苏晚递过布包,几片晒干月见苓叶子。“泡水喝,能暂缓。”
“萍水相逢,怎好意思。”
“都是逃难的人,互相照应应该的。”
沈烬沉默,接过。“多谢。”
“我叫阿晚,北边兵灾逃来。”
“阿石,江南水灾。”
简单两句,各自留白。
沈烬用破碗接雨水,放入月见苓叶子。叶子遇水舒展,散淡淡清香。喝一口,丹田刺痛稍减,阎罗散毒性似被暂缓。
“姑娘懂医?”
“略知一二,家里原开药铺,后来没了。”声音平静,尾音微颤。
沈烬听出是伤心事,没追问。
“阿石大哥肩上的伤,看着不轻。”
“砍柴摔的,山里路滑。”沈烬低头包扎,左手动作刻意笨拙。
苏晚点头,没戳破。看见那包扎手法——看似粗糙,实则关键处缠得结实。寻常樵夫没这经验。
但她不说破。
“阿晚姑娘一个人进山,不怕危险?”
“习惯了,这世道一个人也得活。”
沈烬沉默。
雨势渐小,庙里只剩火苗噼啪声。
“阿石大哥,听口音不像江南人。”
沈烬心里一紧。“祖籍江北,迁去江南多年。”
“哦。大哥这左手,使得挺顺。”
“从小左撇子,改不过来。”沈烬忙换右手,动作僵硬。
苏晚笑,“左撇子好,干活方便。”右手拈针绣帕子,绣出兰花纹样。
沈烬闻见淡淡兰花香——从她身上飘来,似曾相识。
“姑娘身上这香,是香囊?”
苏晚微怔,摸腰间小袋。“嗯,自己调的,兰花味。”
“好闻。”
“谢谢。”
简单对话,各自试探。
沈烬想起昨天集市那缕兰花香——就是这味道。巧合?
苏晚想起昨天那左撇子樵夫——就是这男人。他咳血,内力溃散,丹田破损?也是巧合?
两人都不信。
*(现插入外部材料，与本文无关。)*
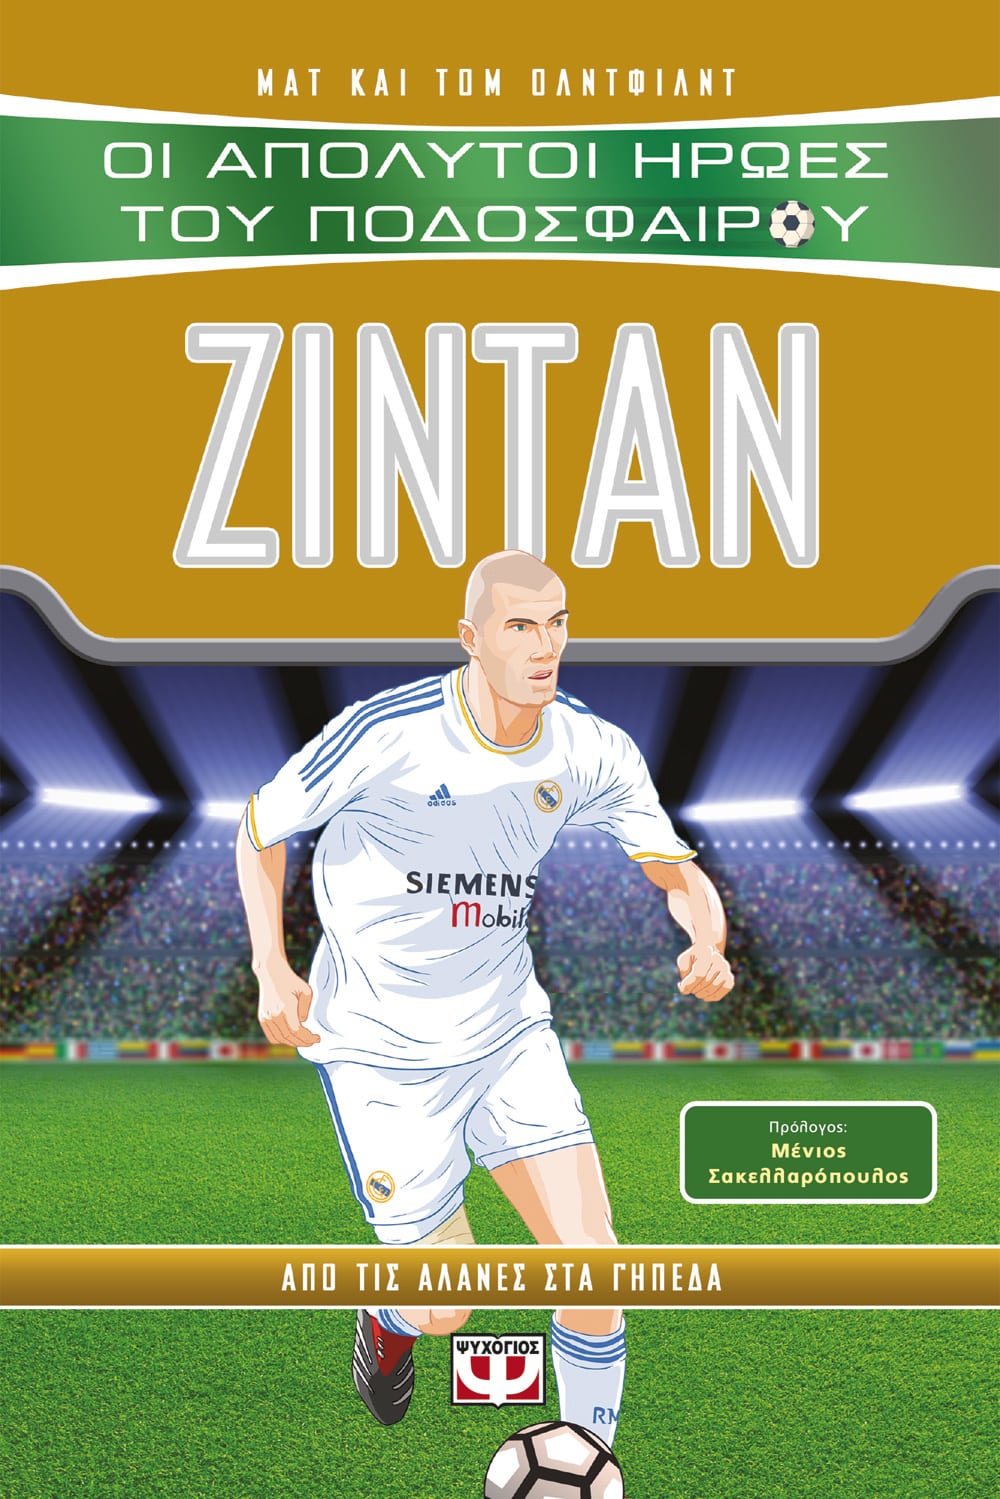 Οι Απόλυτοι Ήρωες του Ποδοσφαίρου: Ζιντάν
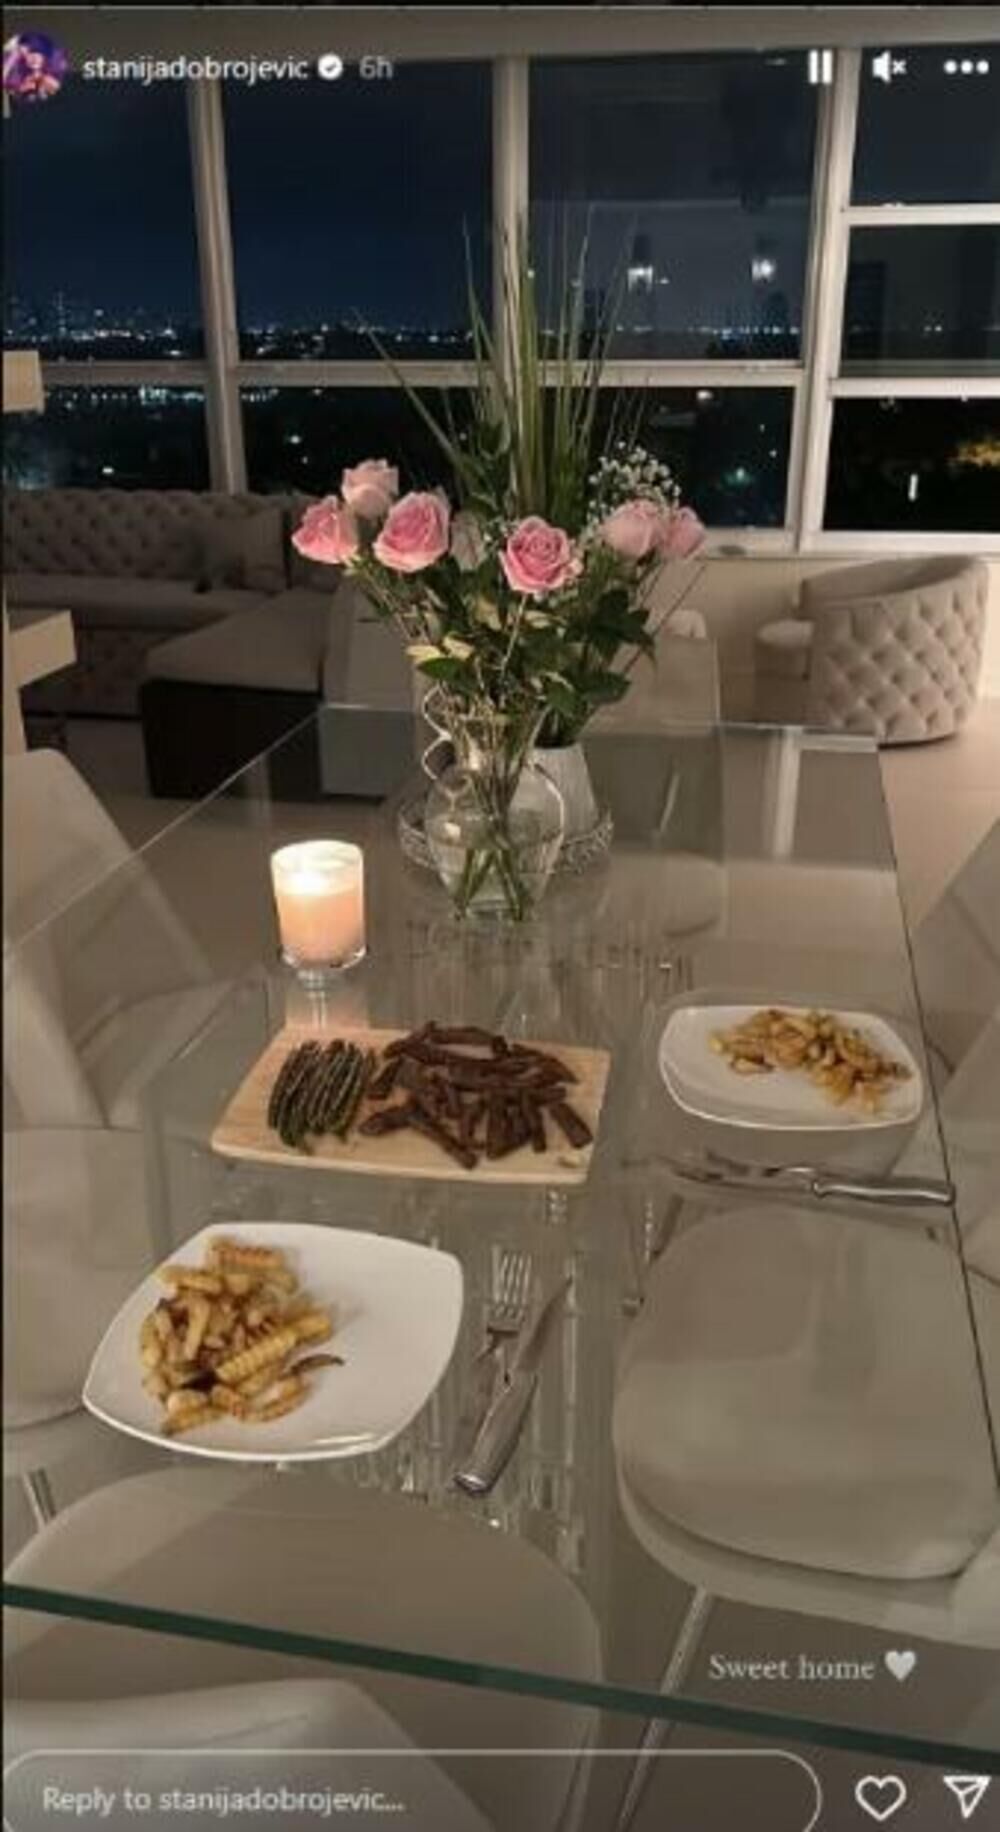 Stanija je podelila fotografiju romantične večere u stanu

但都不说。
雨停了。
阳光照进破庙。
沈烬起身。“雨停了,我得下山卖柴。”
苏晚也起身。“我也得采药了。”
两人对视。
“阿晚姑娘,这草药我回头还你钱。”
“不用,草药山里多的是。大哥伤重,先用着。”
沈烬沉默片刻,抱拳。“那就多谢了。”
苏晚福礼。“大哥慢走。”
沈烬扛柴出庙。
苏晚等他走远,挎篮绕到庙后采月见苓。石缝间,几株心形叶片挂雨珠。小心采下,收入怀中。
望前方山路——那个名叫“阿石”的樵夫,已不见踪影。
“左撇子,咳血,丹田破损,巧合?”摇头,不信。
山路上,沈烬也在思量。
“兰花香,耳后痣,懂医,采药,魅影毒姬?”念头一闪,压下。
不可能。
但……阎罗散毒性被月见苓压制。那草药,不是普通治咳血的药。
她怎会有?
“阿晚……”眼中复杂。
或许,他们都在伪装。或许,命运让相遇,却不让相认。
但眼下,他们只是两个逃难的人——一个樵夫,一个村姑。
在落风镇,活下去,养好伤,再图报仇。
加快脚步,朝山下走去。
苏晚采完药,挎篮下山。
走到半路,停下,取出一片月见苓叶子。
阳光下,叶片脉络清晰,散淡香。
“阿石……你到底是谁?”
没有答案。
只有山风呼啸。
她收起叶子,继续下山。
前方,落风镇炊烟袅袅。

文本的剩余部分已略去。